## WHAT YOU ARE ASKED TO DO
Repeat the data exactly. Pictures are not part of the copy.

## INFORMATION PROVIDED
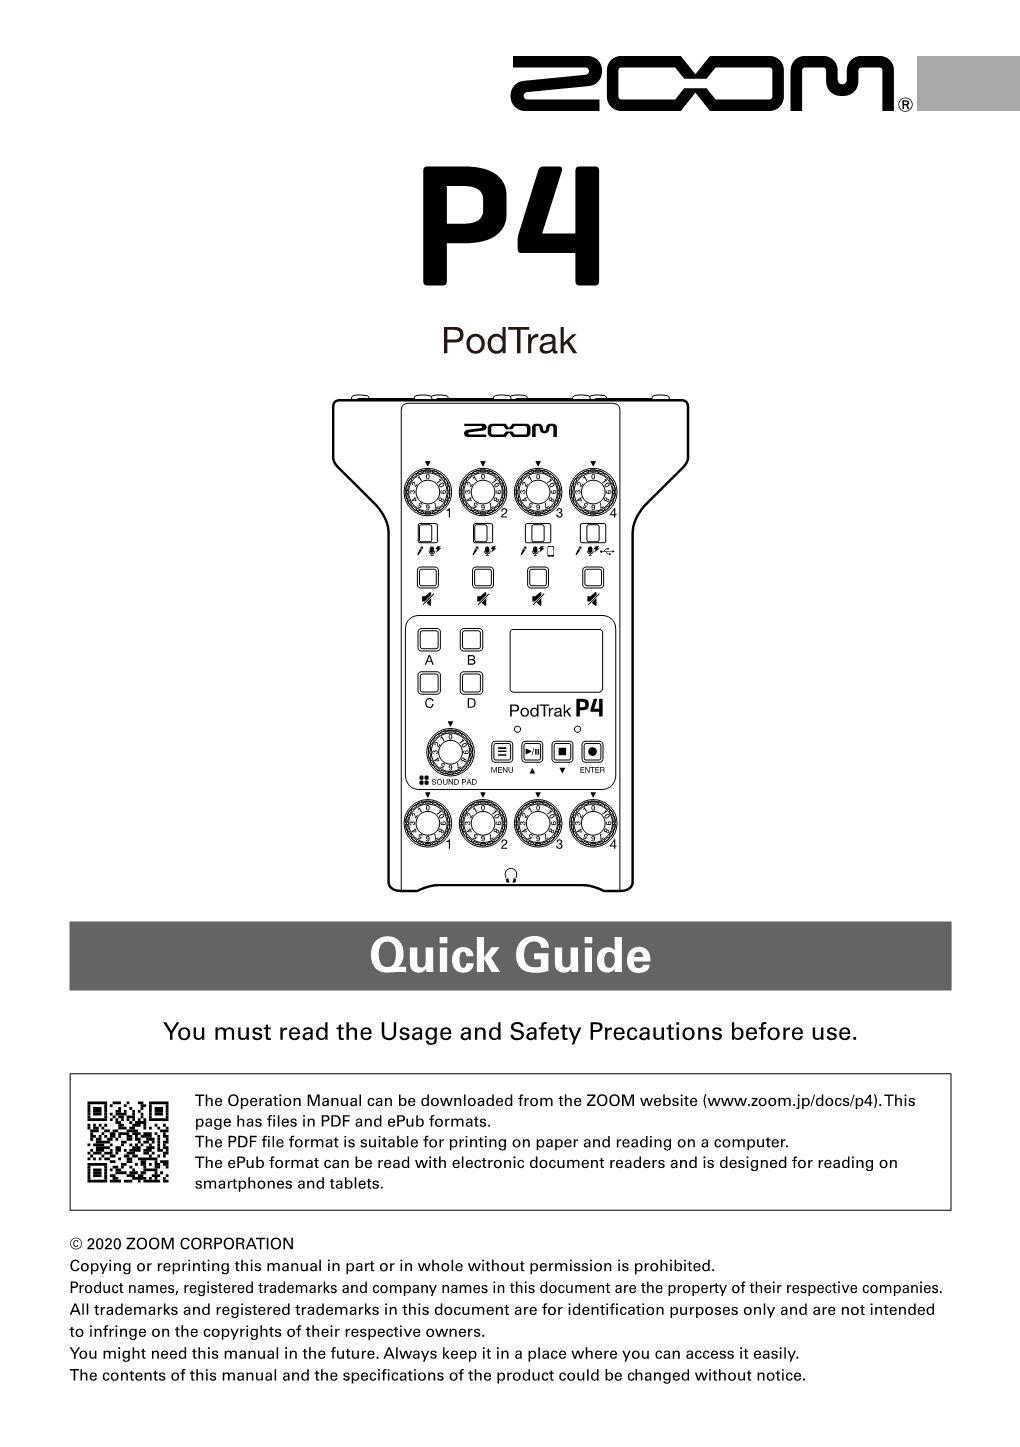 P4 Quick Guide
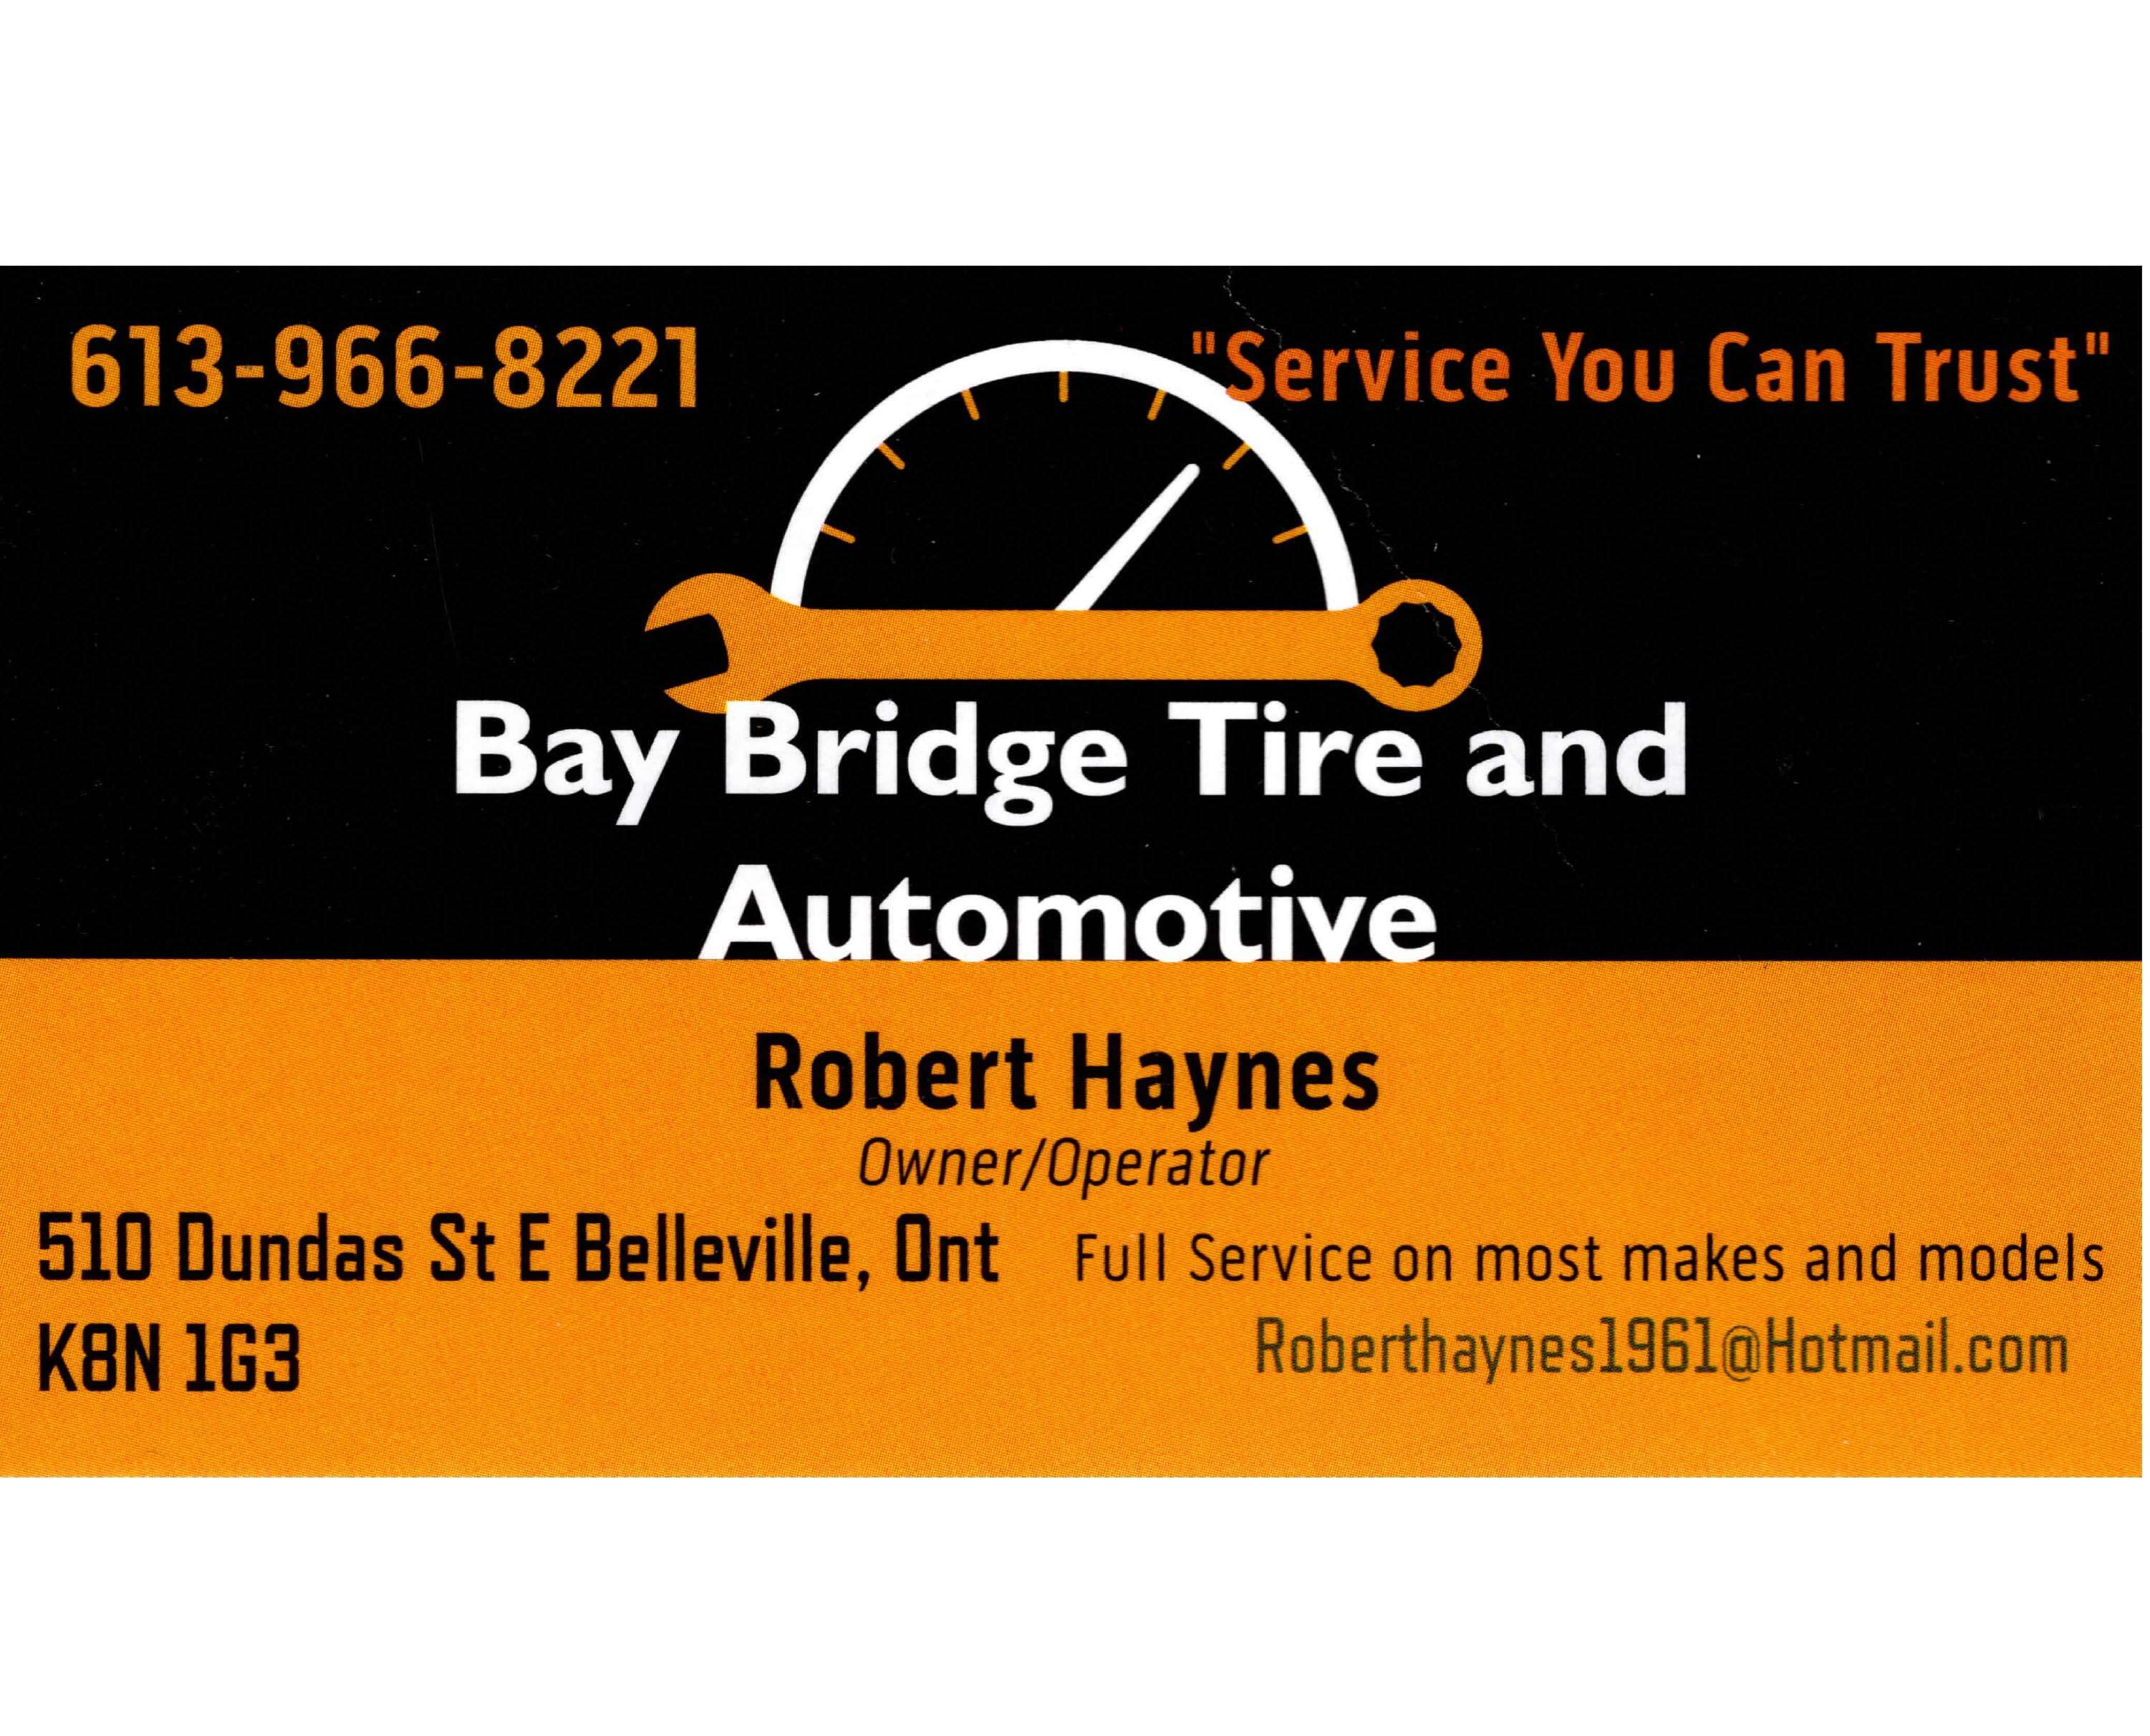 Bay Bridge Tire and Automotive
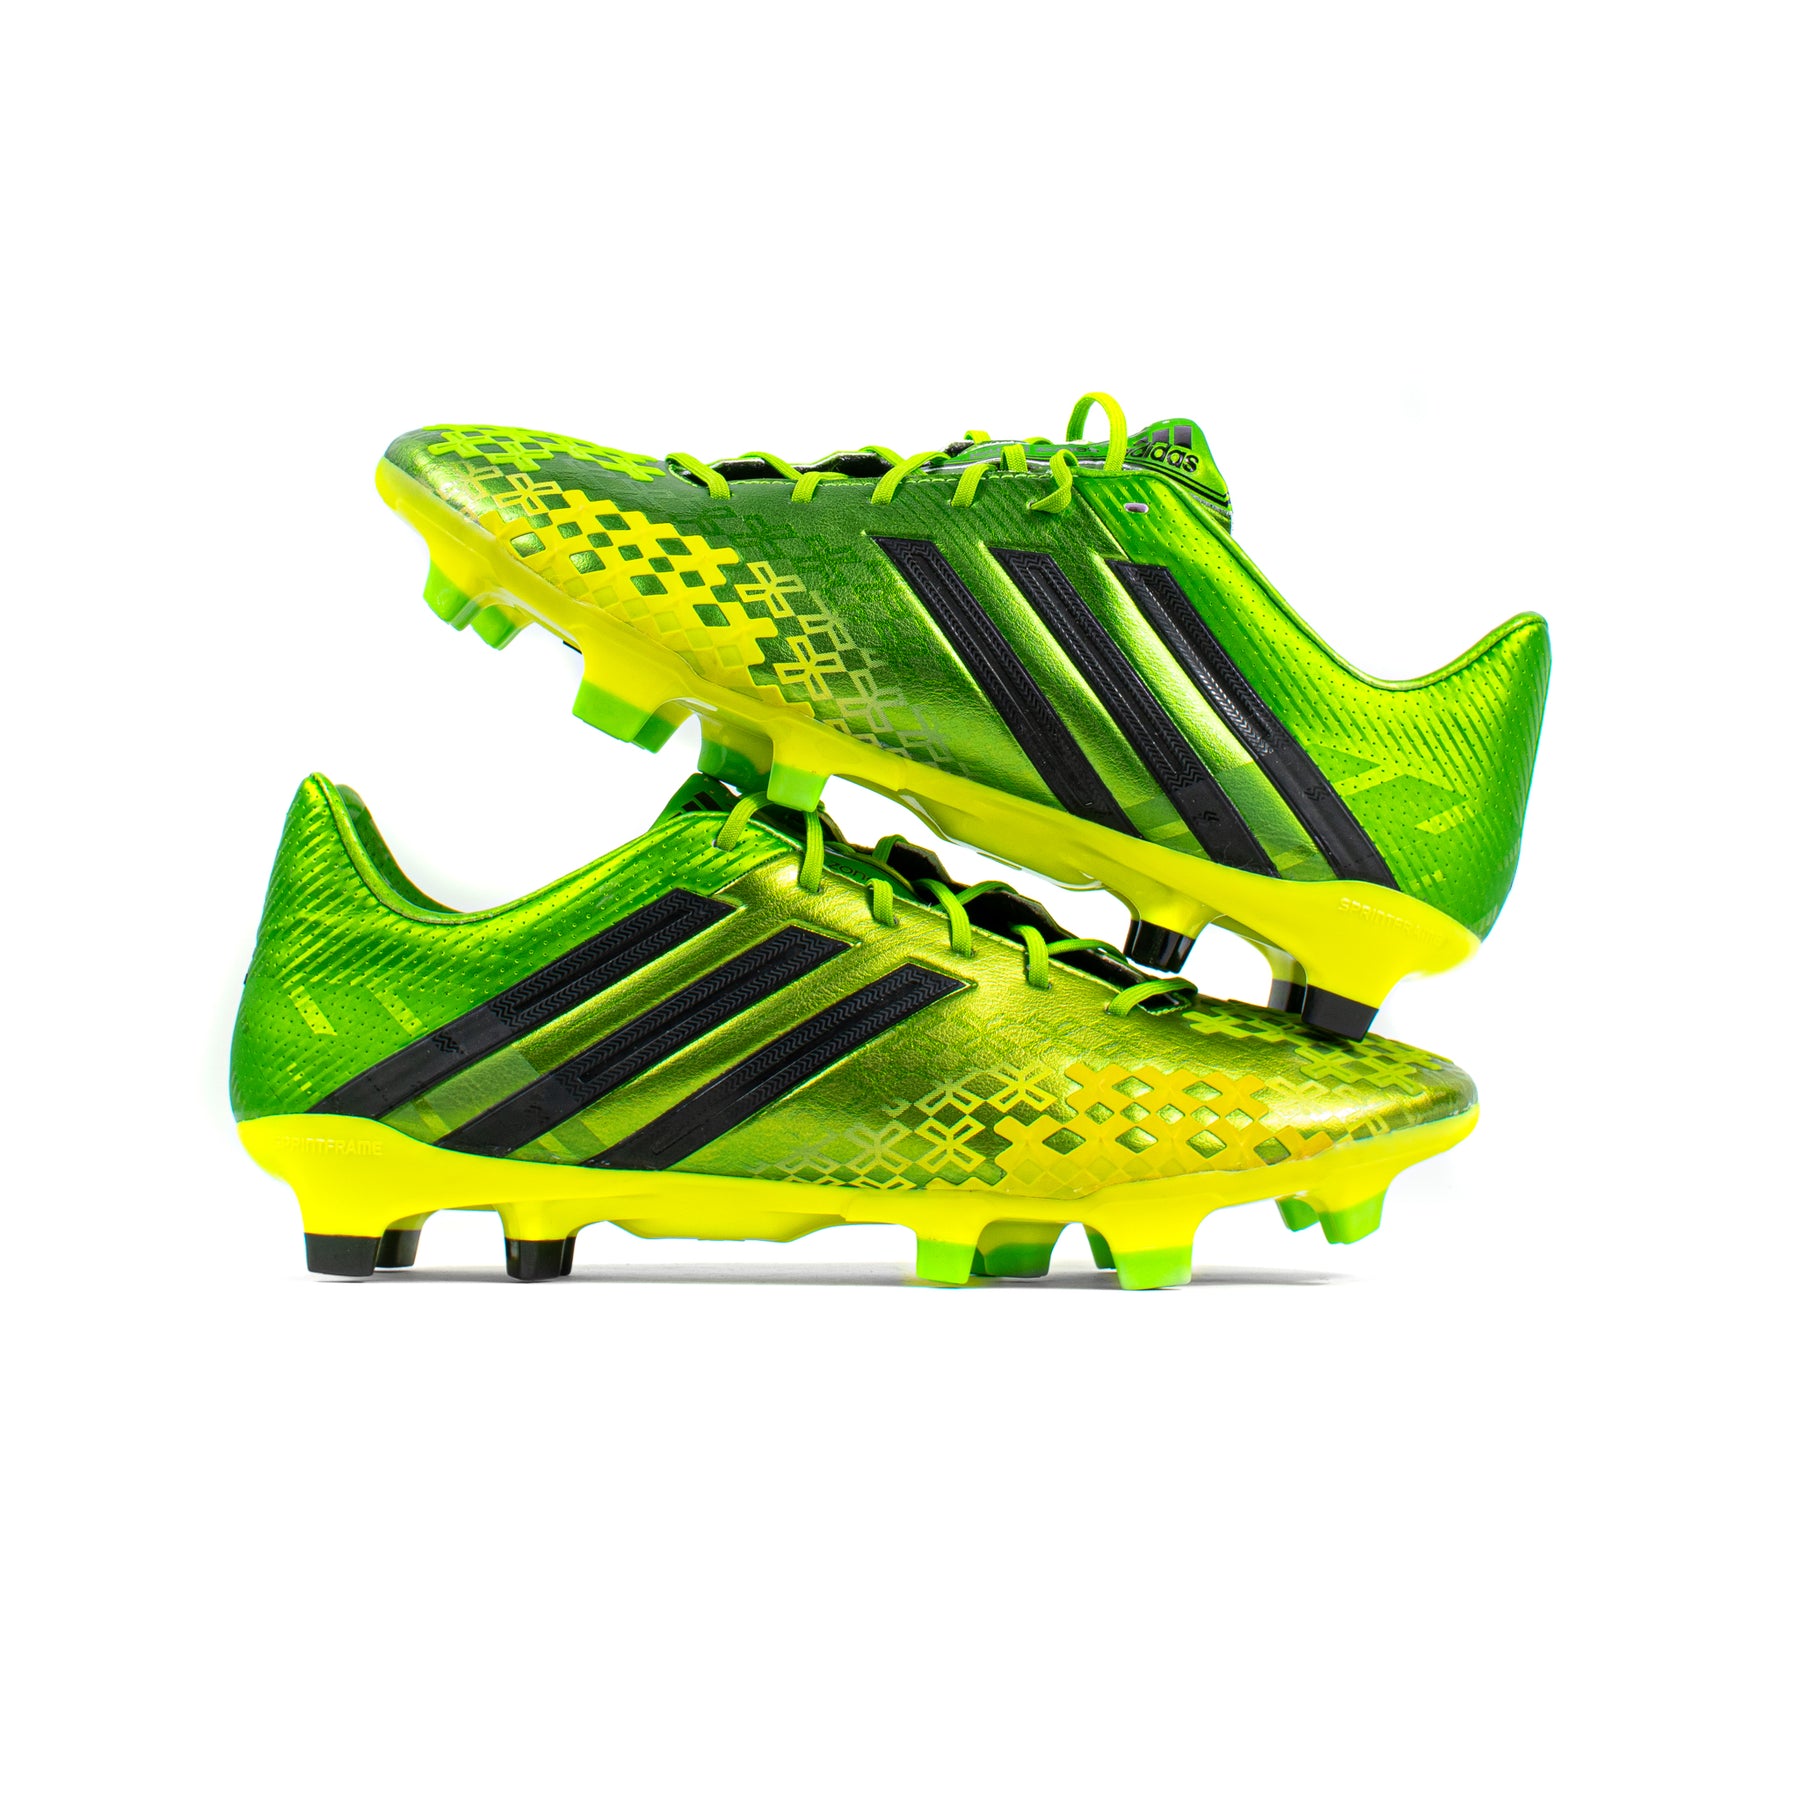 Adidas Predator LZ Zone II Green FG – Classic Soccer Cleats

## OUTPUT
 P4 Quick Guide
 Bay Bridge Tire and Automotive
 Adidas Predator LZ Zone II Green FG – Classic Soccer Cleats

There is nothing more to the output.